*EXERCISE INSTRUCTIONS:* Begin at the line that has "Junet Heminstallation", stop after the line that has "Full Size of", and print exactly those lines from the records below, without any pictures.

*THE INPUT:*
▼▼▼

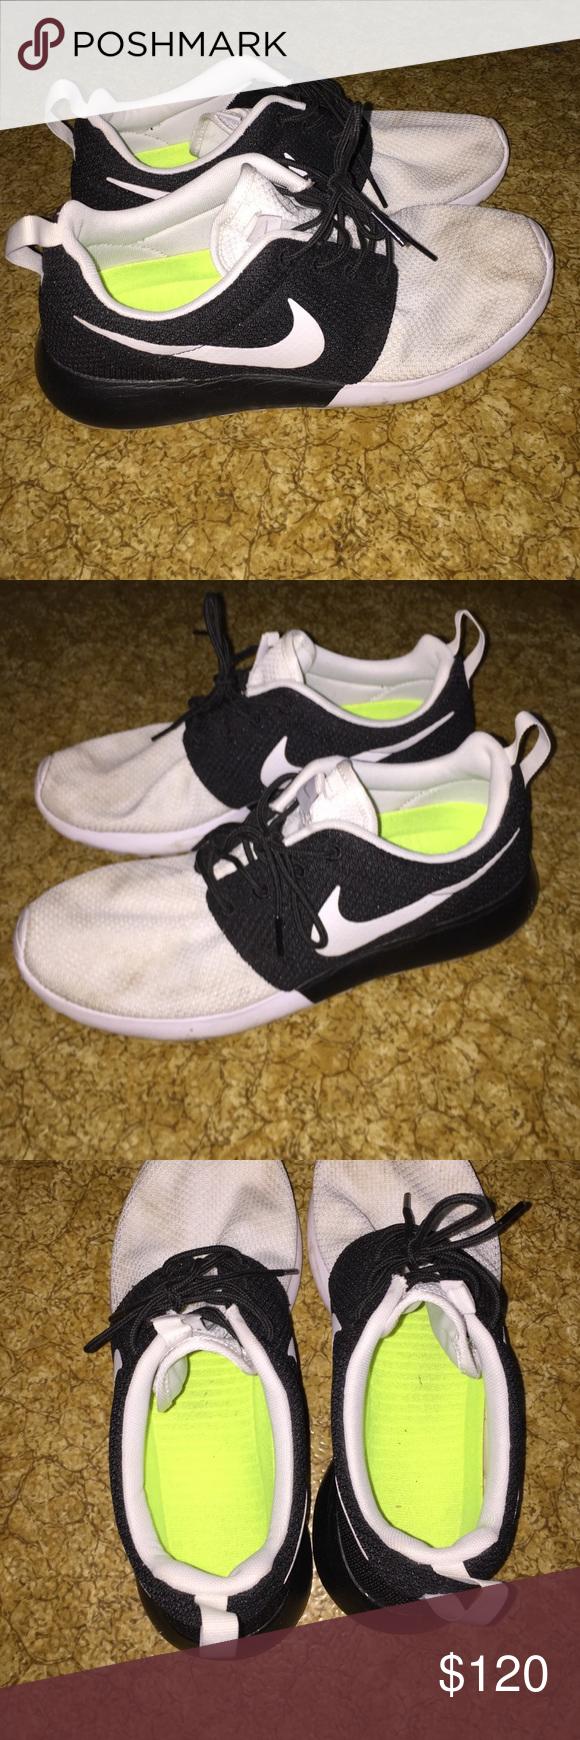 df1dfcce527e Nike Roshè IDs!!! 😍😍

▲▲▲
▼▼▼

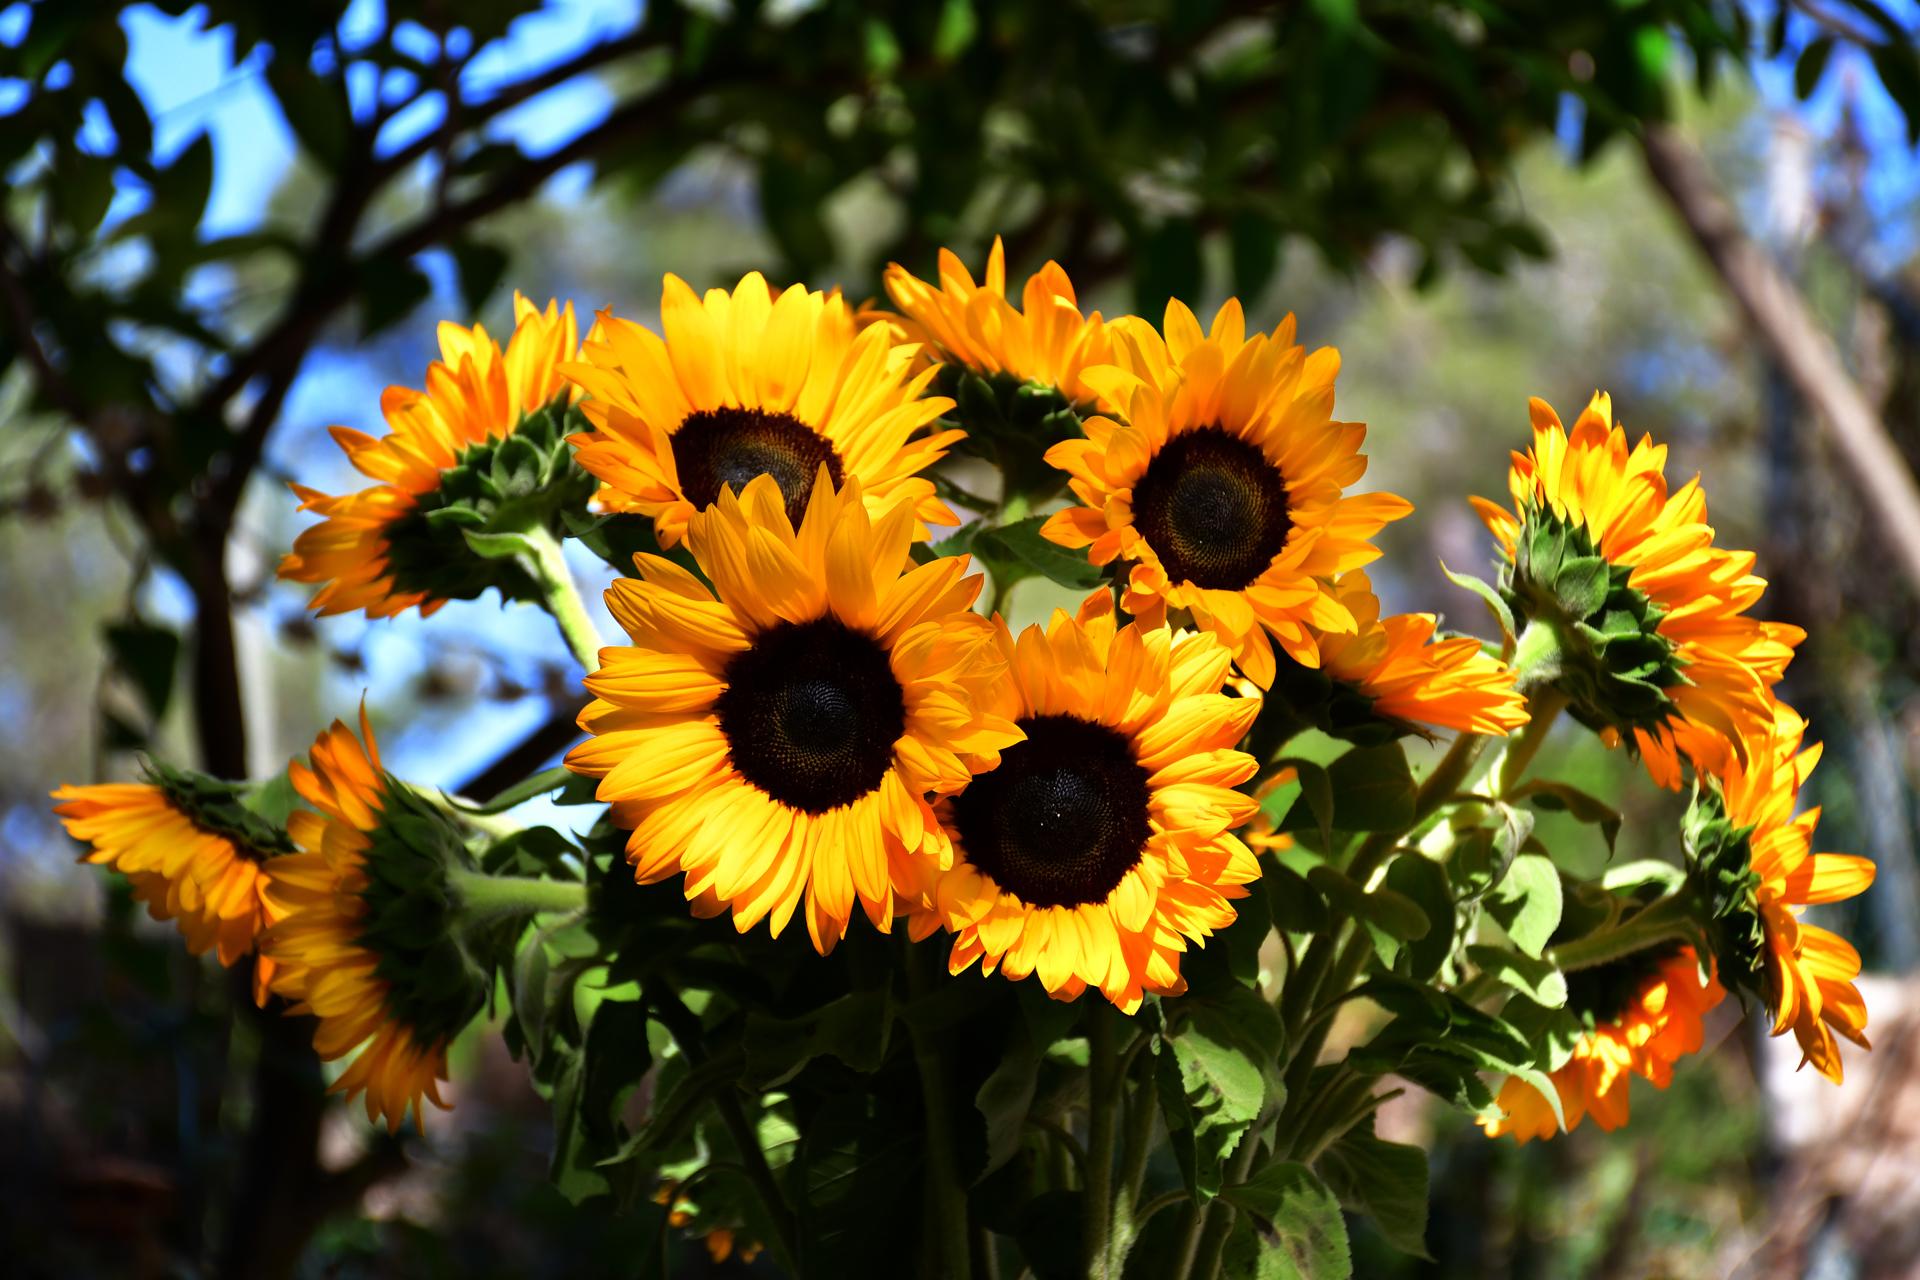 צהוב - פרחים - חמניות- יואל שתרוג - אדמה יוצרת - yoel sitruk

▲▲▲
▼▼▼

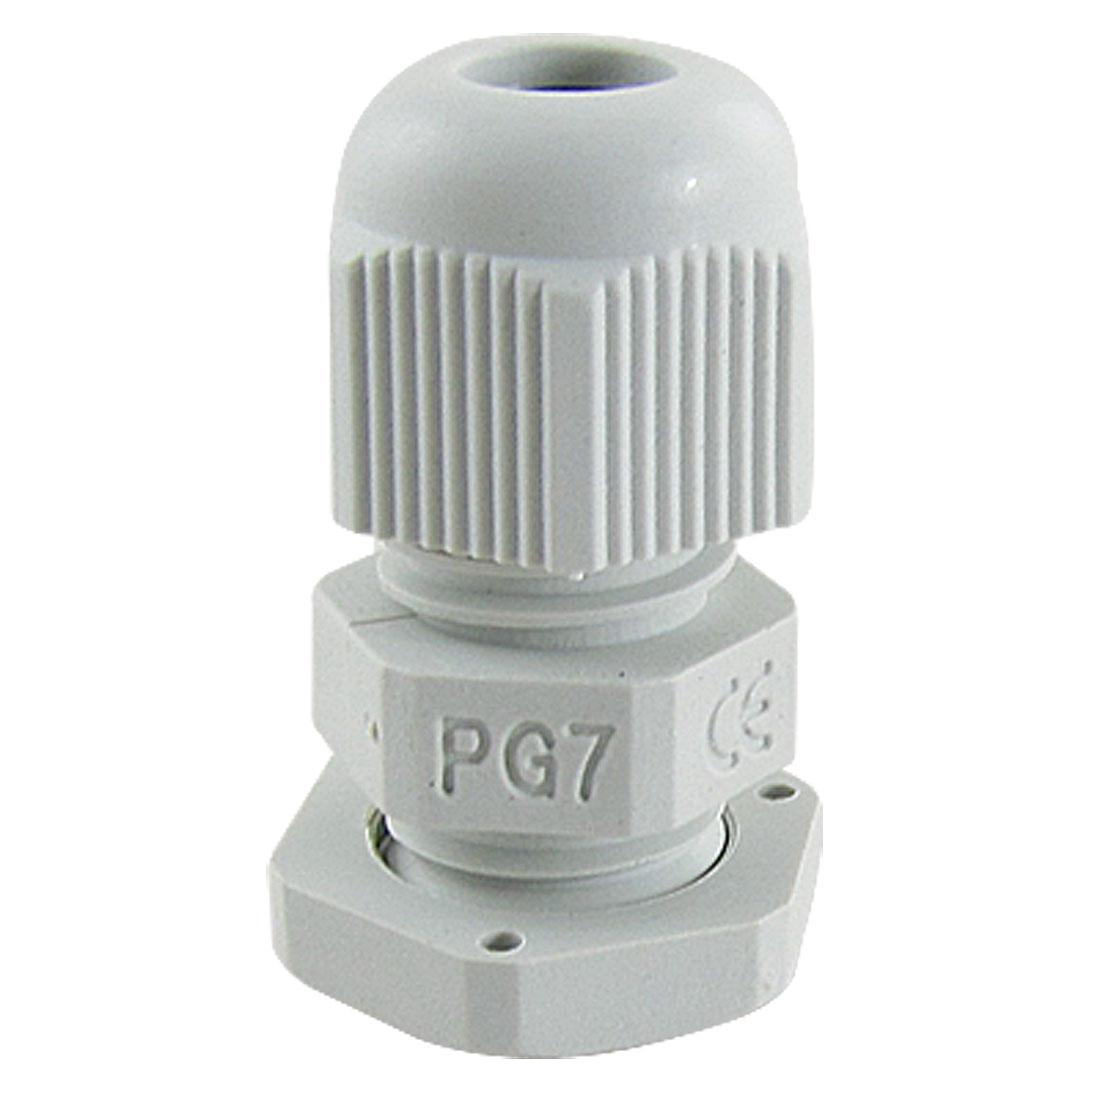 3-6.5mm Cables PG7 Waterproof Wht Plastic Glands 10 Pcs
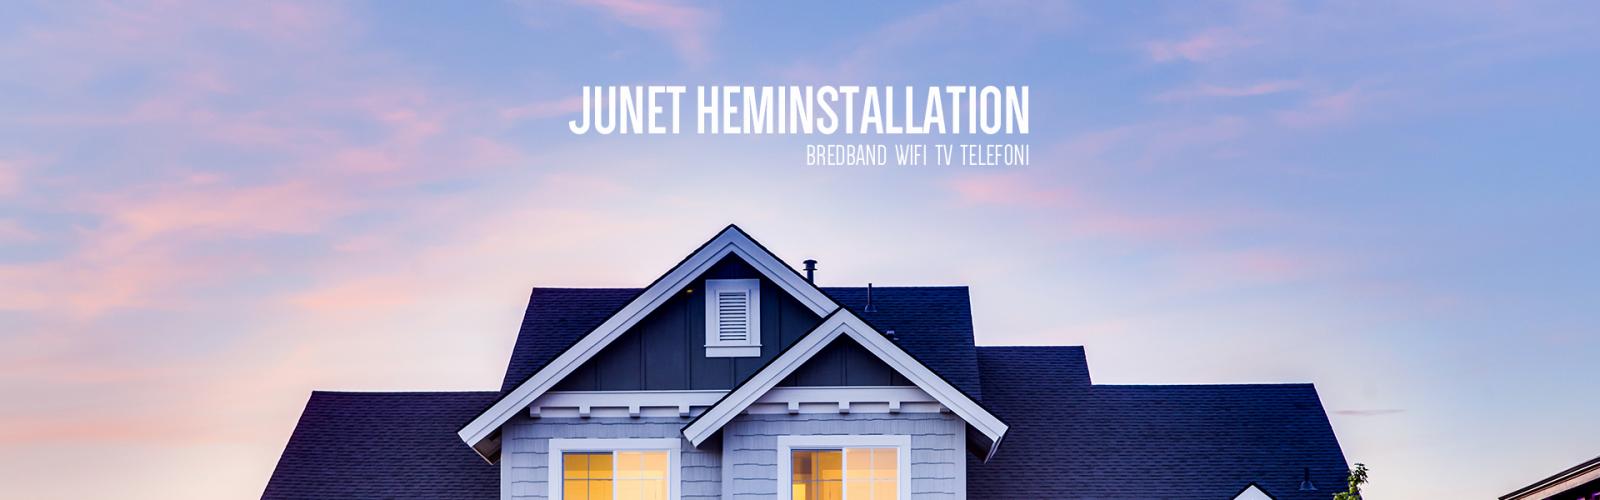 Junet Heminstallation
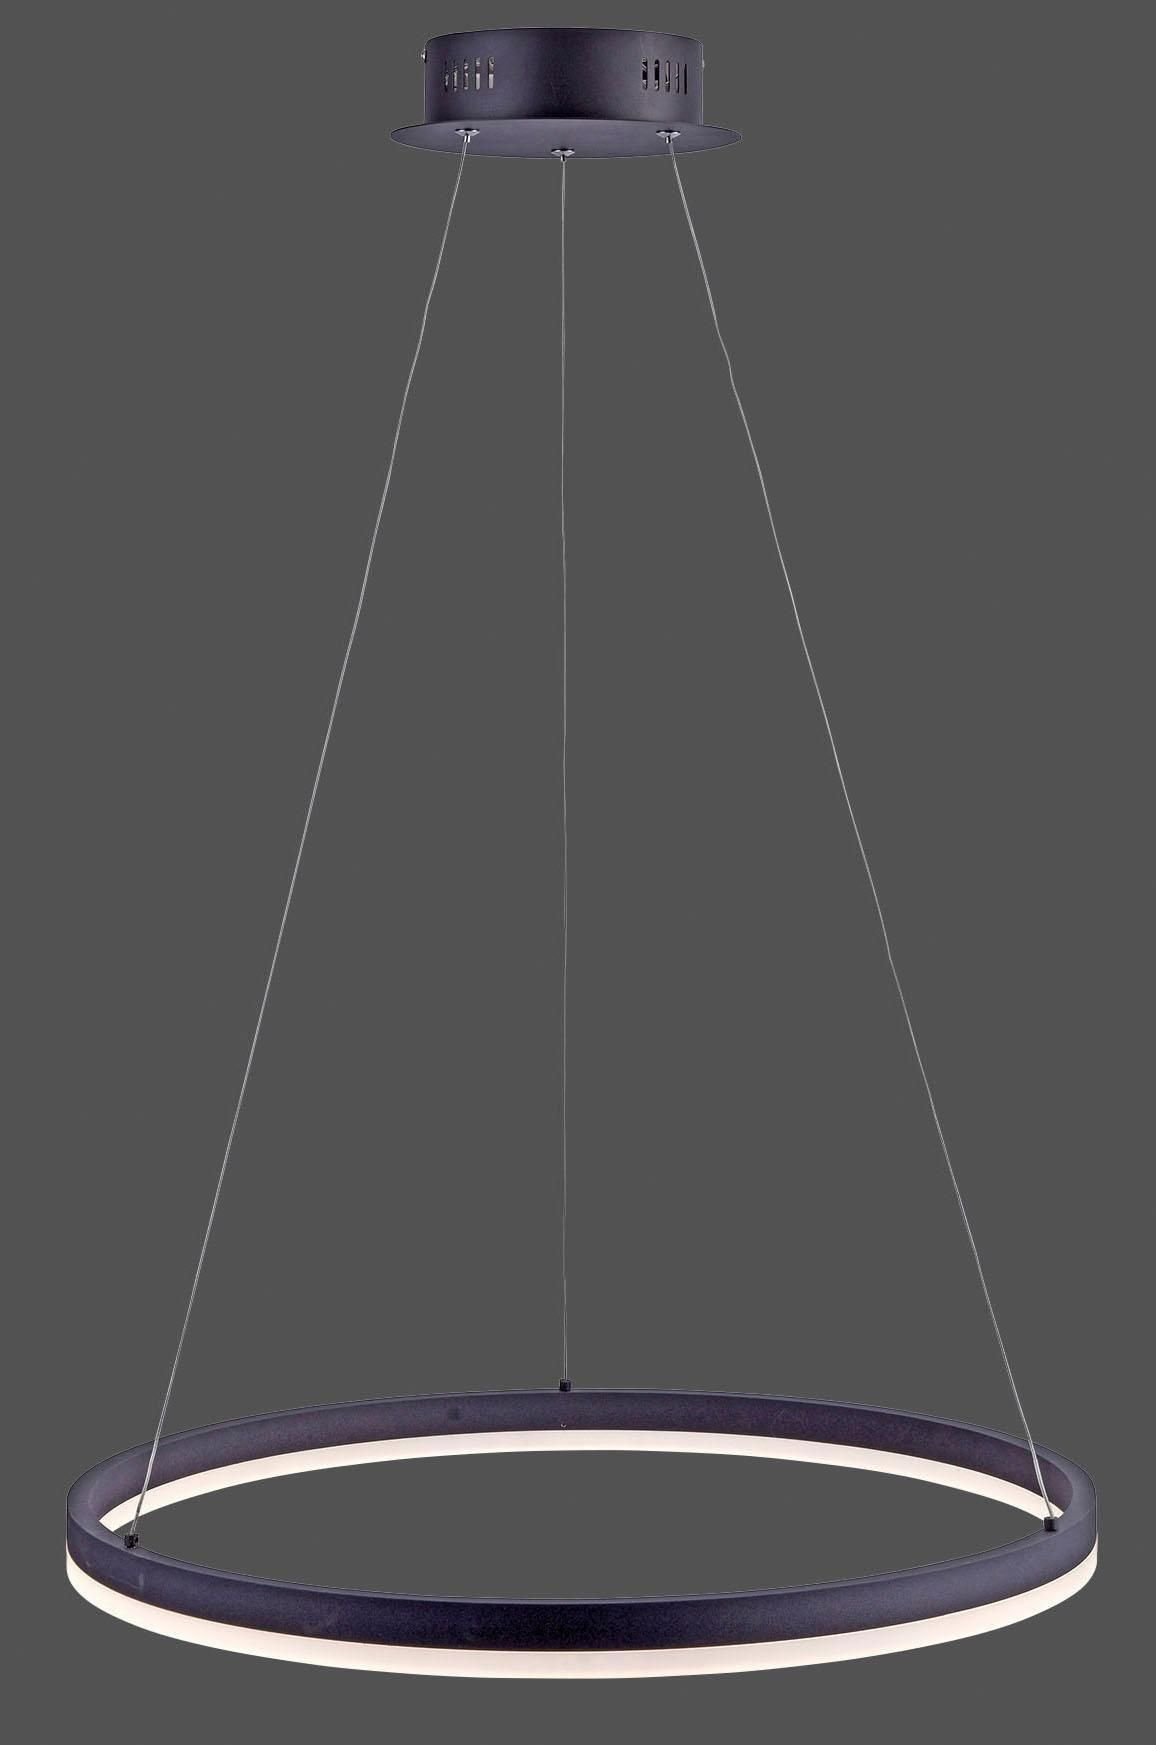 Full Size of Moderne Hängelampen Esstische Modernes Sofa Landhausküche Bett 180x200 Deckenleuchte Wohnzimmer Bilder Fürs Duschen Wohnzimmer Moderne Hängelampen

▲▲▲

*TASK ANSWER:*
 Junet Heminstallation
 Full Size of Moderne Hängelampen Esstische Modernes Sofa Landhausküche Bett 180x200 Deckenleuchte Wohnzimmer Bilder Fürs Duschen Wohnzimmer Moderne Hängelampen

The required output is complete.